In this paper we present a fast multi-GPU accelerated implementation of slice-to-volume registration based super-resolution reconstruction with automatic outlier rejection and intensity bias correction. 
We introduce a novel fully automatic selection procedure for the image stack with the least motion, which will serve as an initial registration template. We fully evaluate our method and its high dimensional parameter space. Testing is done using artificially motion corrupted phantom datasets and using real world scenarios for the reconstruction of foetal organs from in-utero prenatal Magnetic Resonance Imaging and for the motion compensation of freehand compound Ultrasound data. 
On average we achieve a speed-up of more than 40x compared to a single CPU system, and another 1.70x for each additional GPU, while maintaining the same image quality as if calculated on a CPU. Our framework is qualitatively more accurate and on average $10\times$ times faster than currently available state-of-the-art multi-core methods.
The source code for this approach is open source and publicly available for download.

INSTALL
======================
The source code was successfully compiled on x86_64, CUDA 6.5, VS2012 (std-c++11), VS2013 (boost), and gcc 4.8. System: Intel Xeon E5-2630 v2 \@ 2.60GHz system with 16 GB RAM, an Nvidia Tesla K40 with 12 GB RAM and a Geforce 780 Graphics card with 6 GB RAM and also tested on a Nvidia Titan GPU.

#### Necessary Hardware requirements
* x86_64 CPU

#### Optional Hardware requirements
* Nvidia GPU compute capability >= 3.0 
In case of no GPU: only CPU reconstruction will be available. Use --useCPU flag [CUDA is still necessary to compile!]
HOWEVER: The CPU version only allows a simplified PSF evaluation (only linearly low sampled Gaussian PSF)! 
ONLY THE GPU ACCELERATED VERSION WILL PROVIDE ALL IN THE PAPER DESCRIBED FEATURES!

#### Necessary third party libraries
* Nvidia CUDA >= 6.0 https://developer.nvidia.com/cuda-downloads
* Boost (compiled libraries, we used 1.55.0) http://www.boost.org/users/download/
* Intel's TBB https://www.threadingbuildingblocks.org/

#### Optional third party libraries
* CULA http://www.culatools.com/
* IRTK http://www.doc.ic.ac.uk/~dr/software/ (This is already included in the source code repository as minimal build lib. We only use image handling and CPU registration functionality from IRTK)

BUILD INSTRUCTIONS
======================
* go to the source directory
* make a new directory "build"
* execute cmake .. in this directory (give paths to TBB and other third party libs if necessary using cmakegui .. or ccmake ..)
* make or open the Visual Studio Solution 

Execute
======================
* get two or more overlapping stacks of image slices
* [optional]: generate a region of interest and sace as .nii or .nii.gz
* run the program __reconstruction_GPU2__
* Example: ./reconstruction_GPU2 -o 3T_GPUtest.nii -i ../../data/14_3T_nody_001.nii.gz ../../data/10_3T_nody_001.nii.gz ../../data/23_3T_nody_001.nii.gz ../../data/21_3T_nody_001.nii.gz -m ../../data/mask_10_3T_brain_smooth.nii.gz
* Options:

  -h [ --help ]                      Print usage messages

  -o [ --output ] arg                Name for the reconstructed volume. Nifti
                                     or Analyze format.

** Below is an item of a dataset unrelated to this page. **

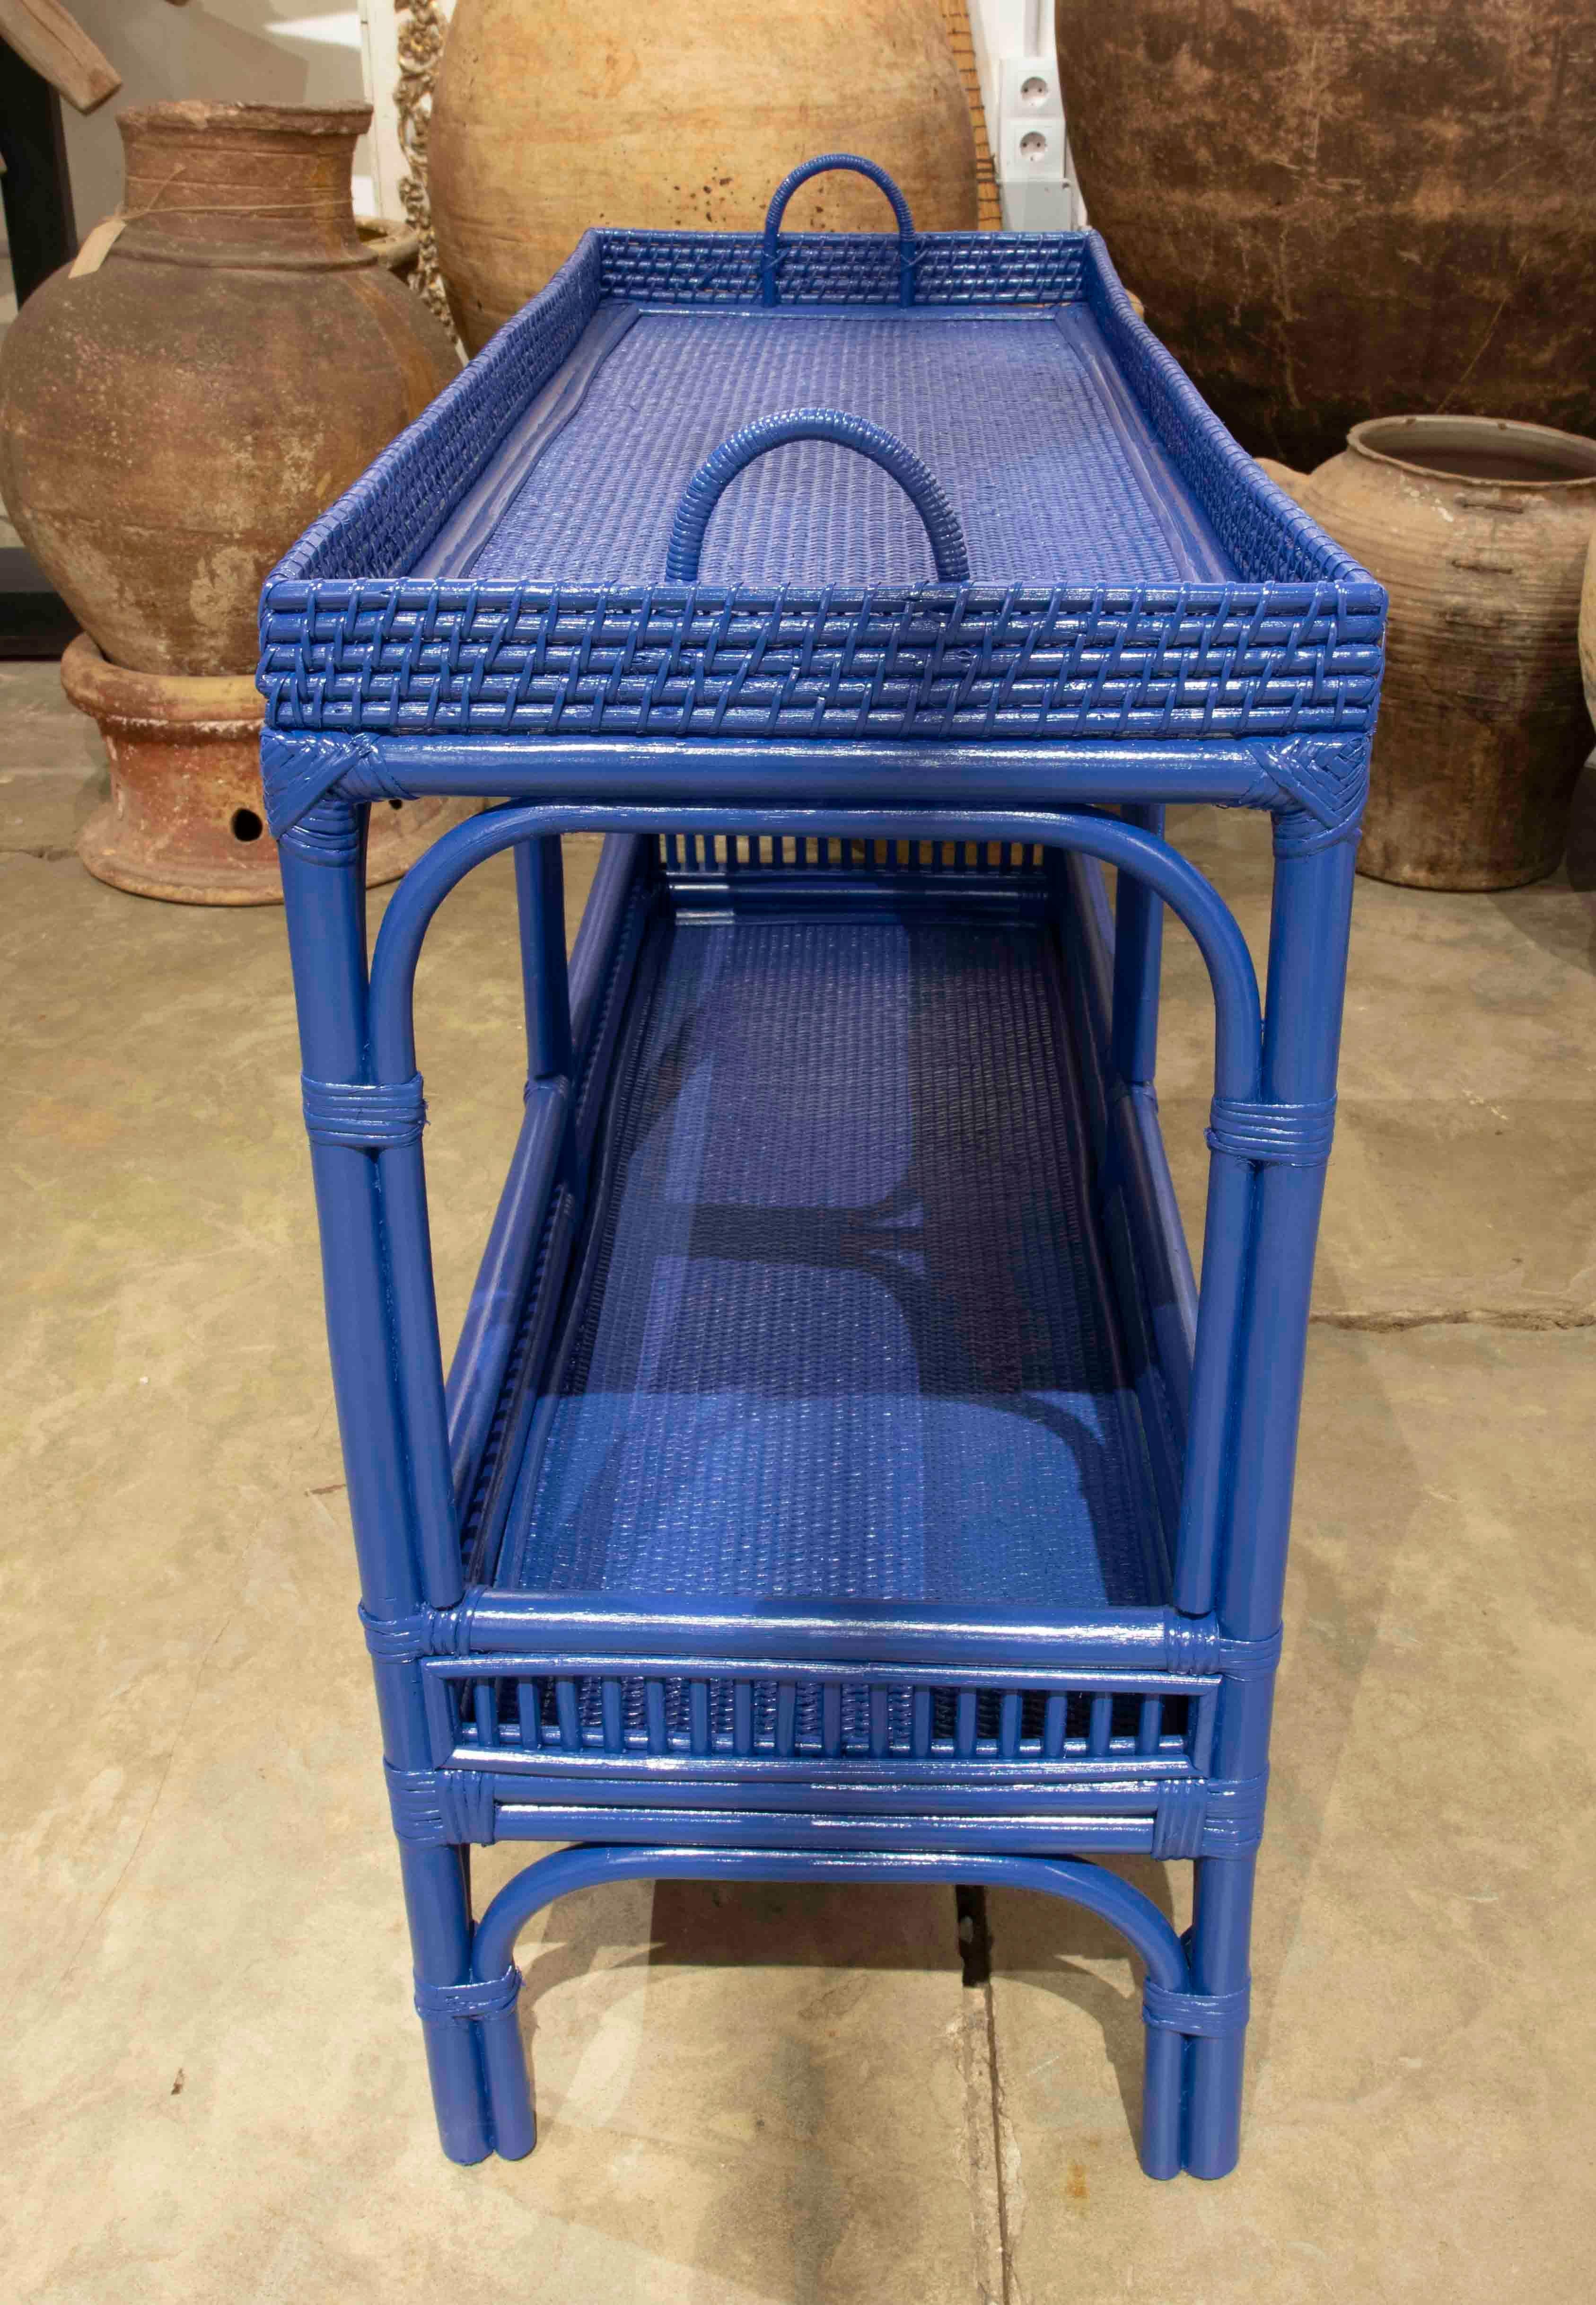 20th Century Rattan and Wicker Shelving Unit with Two Bar Shelves Painted in Blue

  -m [ --mask ] arg                  Binary mask to define the region od
                                     interest. Nifti or Analyze format.

  -i [ --input ] arg                 [stack_1] .. [stack_N]  The input stacks.
                                     Nifti or Analyze format.

  -t [ --transformation ] arg        The transformations of the input stack to
                                     template in 'dof' format used in IRTK.
                                     Only rough alignment with correct
                                     orienation and some overlap is needed. Use
                                     'id' for an identity transformation for at
                                     least one stack. The first stack with 'id'
                                     transformation  will be resampled as
                                     template.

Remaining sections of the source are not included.